Charts and Market Updates March 10, 2021

Charts and Market Updates March 10, 2021

Good day traders! Check now the most recent charts and market updates for today’s session. Learn more about analysis and be up to date on the current happenings in the market!


Royal Bank of Canada (RBC) sees Ottowa having the same situation with Washington when it comes to the threats of inflation. CEO David McKay cited the gradual reopening of Canada’s economy as the main reason for the pressure in consumer goods prices. The same tone is shared by Treasury Secretary Janet Yellen who attributed the rising US yield curve to the recovery of the American economy. High inflation usually signals for an interest hike by central banks. However, the Bank of Canada (BOC) is widely anticipated to retain its benchmark interest rate of 0.25% on Wednesday’s meeting, March 10. Analysts and investors were already anticipating the BOC to be the first central bank in the west to increase its rates. However, the central bank said that the unemployment rate remains high and keeping the current rate will further allow businesses to cope up with the pandemic. USDCAD prices are expected to reach a key resistance area at 1.31000.


The New Zealand dollar is back to a 2-month low against the US dollar and is expected to continue to fall this week. This was despite the disappointing economic data from Wellington in the previous days, which could’ve increased the demand for the kiwi currency. On Tuesday, electronic retail card sales dropped by -2.5% for the month of February. On a year-over-year basis, the report shrank by -5.3%, the steepest decline since May 2020. The rising yield curve in the US is driving the recovery of the greenback. The 10-year maturity treasury bonds have seen its annual return hitting the 2021 high on Monday, March 08, before a short pullback. Analysts are expecting a continued increase in the yield in the near-term as the US Congress is expected to pass the proposed 1.9 trillion stimulus on Wednesday. It is then up to President Biden to sign the bill into law before the March 14 deadline. The target price of NZDUSD is around September 18’s high of 0.6800.


The positive outlook for the Japanese economy will weigh down on the yen. Initially, investors were bullish for the Japanese currency after January’s Household Spending report on Monday, March 08, dropped a new to the lowest level since December 2019’s report. Meanwhile, the report showed a -6.1% contraction on an annual basis. However, these data were easily shrug off by investors after Coincident Indicator and Leading Index rose by 3.5% and 1.4% for the same month later that day. In addition to this, Economy Watchers Current Index was up to its 2-month high at 41.3 points for the month of February. Another report that will push down the demand for the safe-haven yen is gross domestic product (GDP).

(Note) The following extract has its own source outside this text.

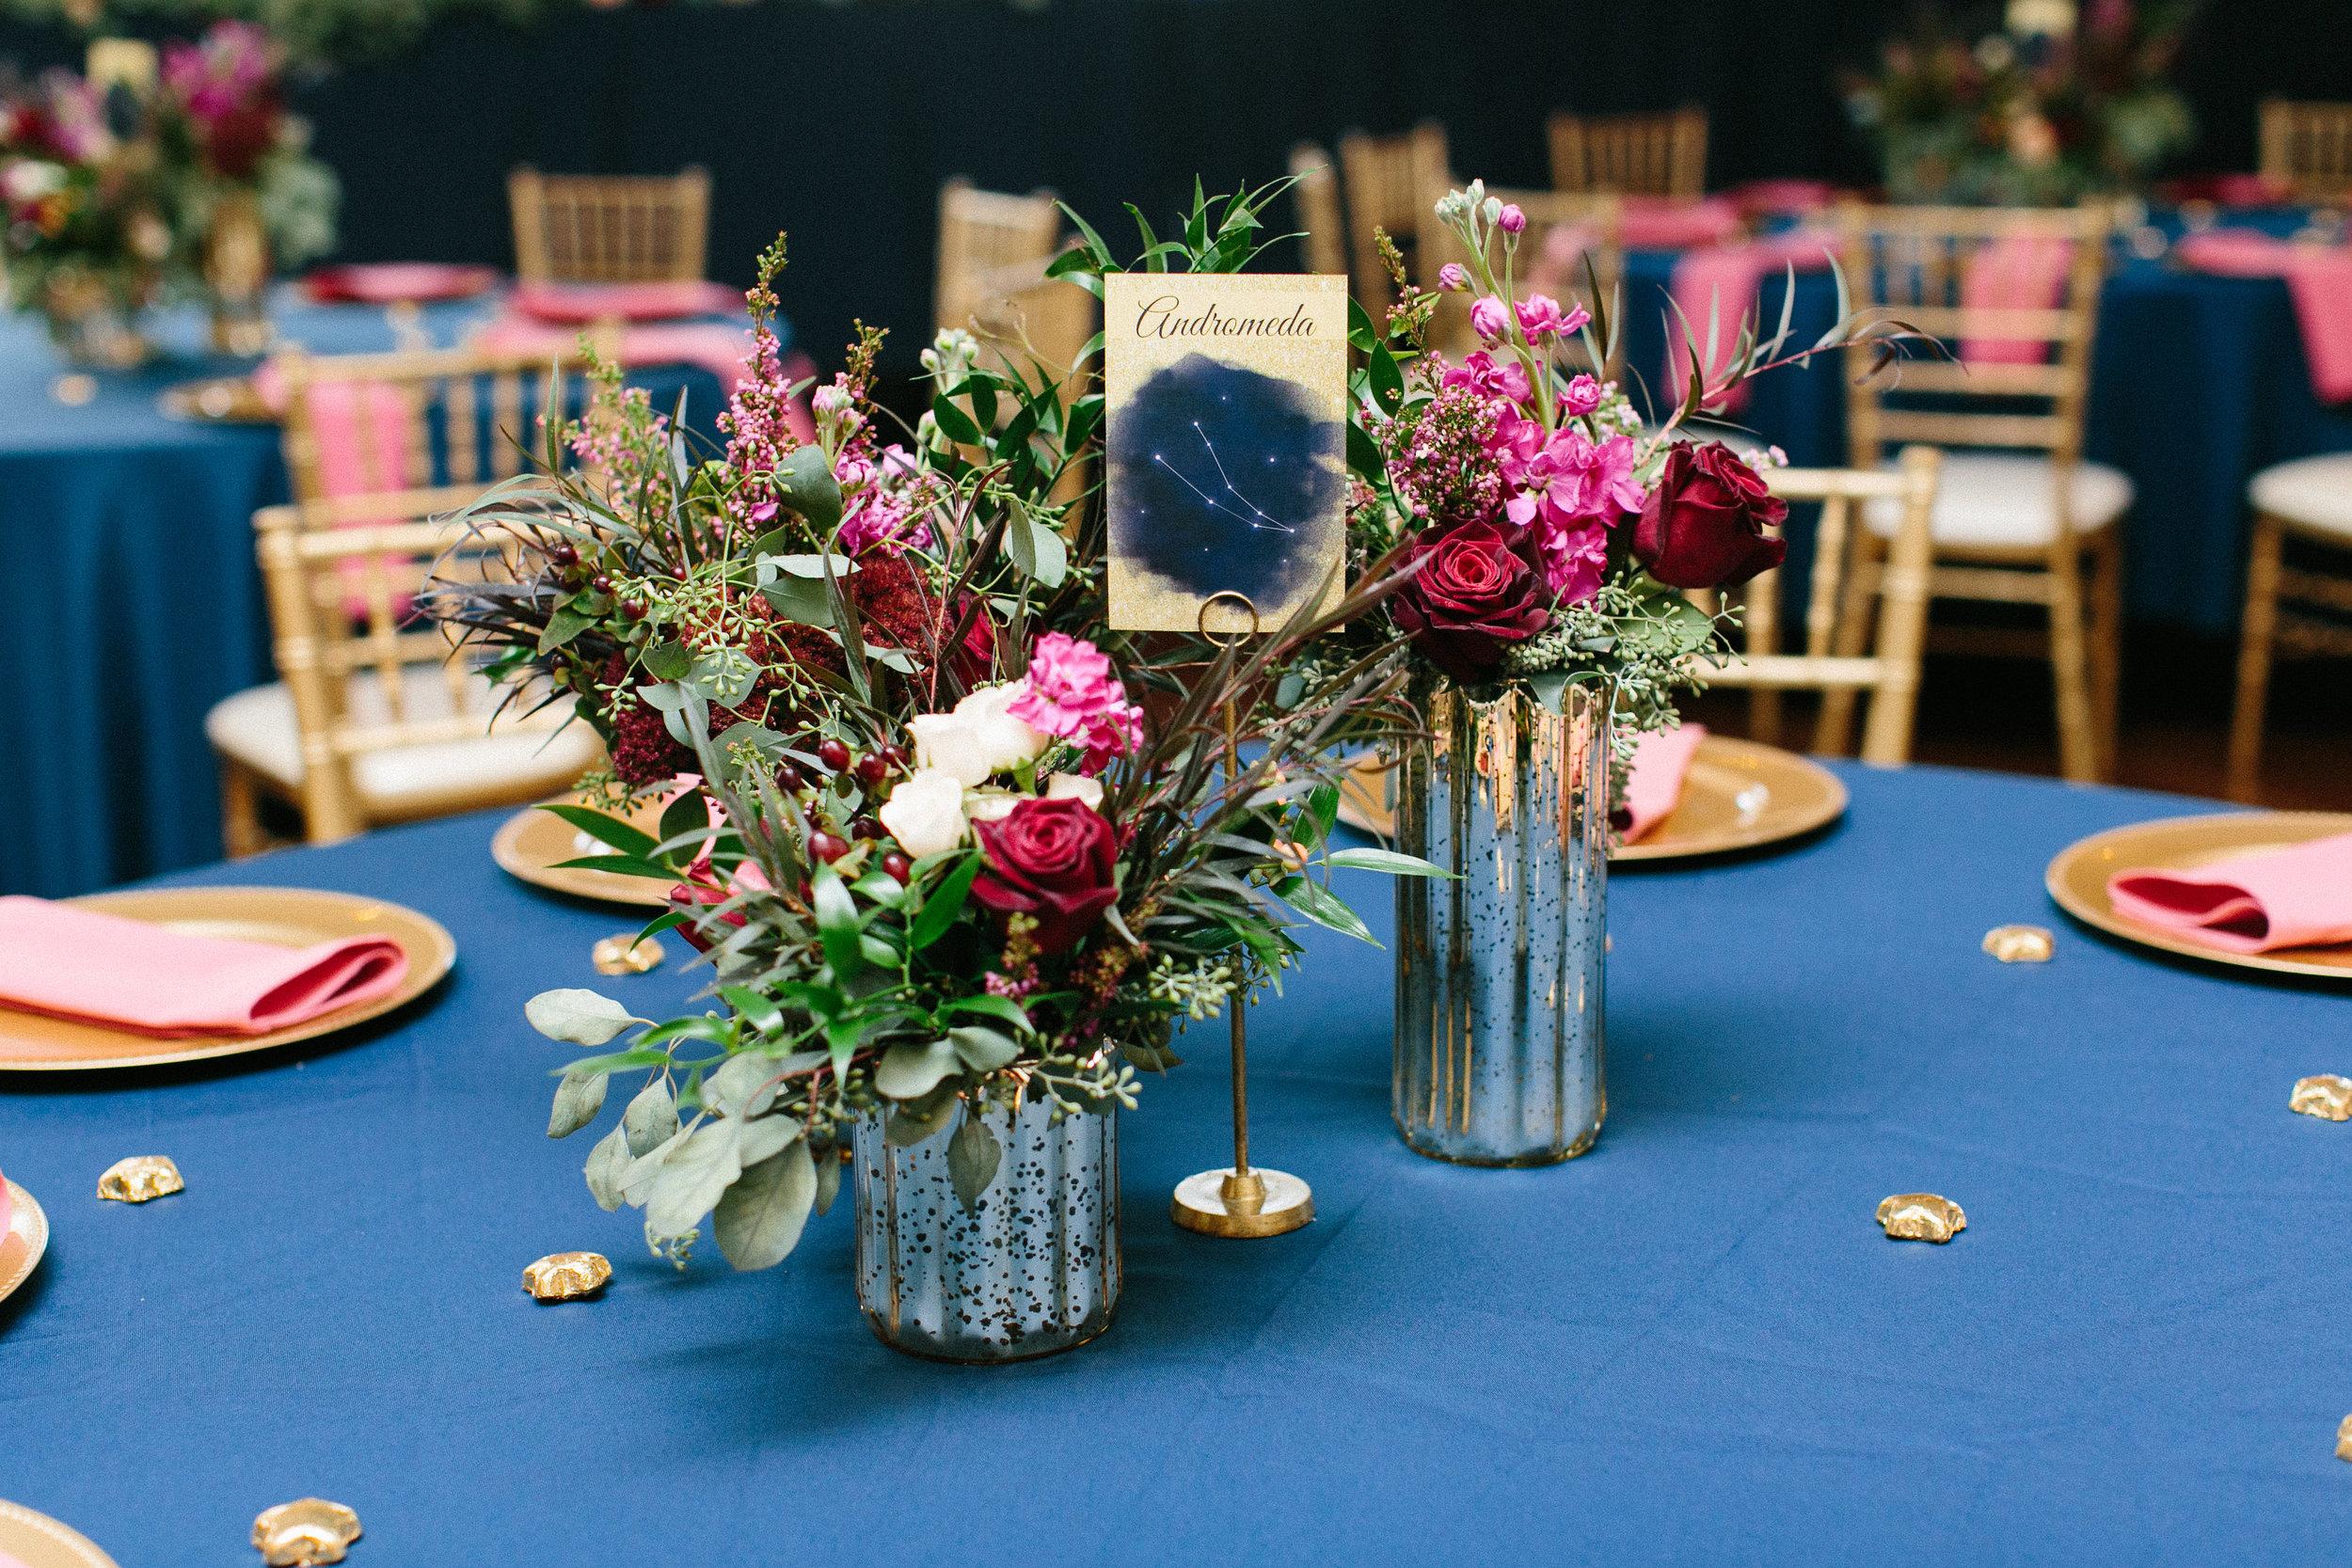 2017_Carly_Milbrath_Jefferson_Street_Inn_Wedding_Wausau_WI_019.JPG

For the fourth quarter of fiscal 2020, the world’s third-largest economy expanded by 2.8% despite its counterparts in the EU shrinking in Q4. On a YoY basis, the report was up by 11.7%. Analysts are looking at 88.000 as the next resistance line.


Despite the strong influence of the rising US inflation over the AUDUSD pair, the Australian dollar will still regain its strength against the greenback. This was following the recent decision by the Australian government to cut support to the labor market. The 70 billion AUD wage subsidy will end this March as Australia’s economy started to a V-shaped recovery. Instead of providing financial support to those seeking for jobs, the scheme will be reduced to a 1.2 billion AUD support extension for apprenticeship. In July, the unemployment rate peaked at 7.5%, However, the recent figure for the report posted 6.4% data against the prior month’s 6.6% result. This is also lower than the forecast 6.5% unemployment rate by analysts. The subsidy for apprenticeship will be available starting April 2021 until April 2022. Business confidence in Australia surged to 16 points for February from 10 points prior. Meanwhile, consumer sentiment logged 2.6% growth this March.

  • Support
  • Platform
  • Spread
  • Trading Instrument
Comments Rating 0 (0 reviews)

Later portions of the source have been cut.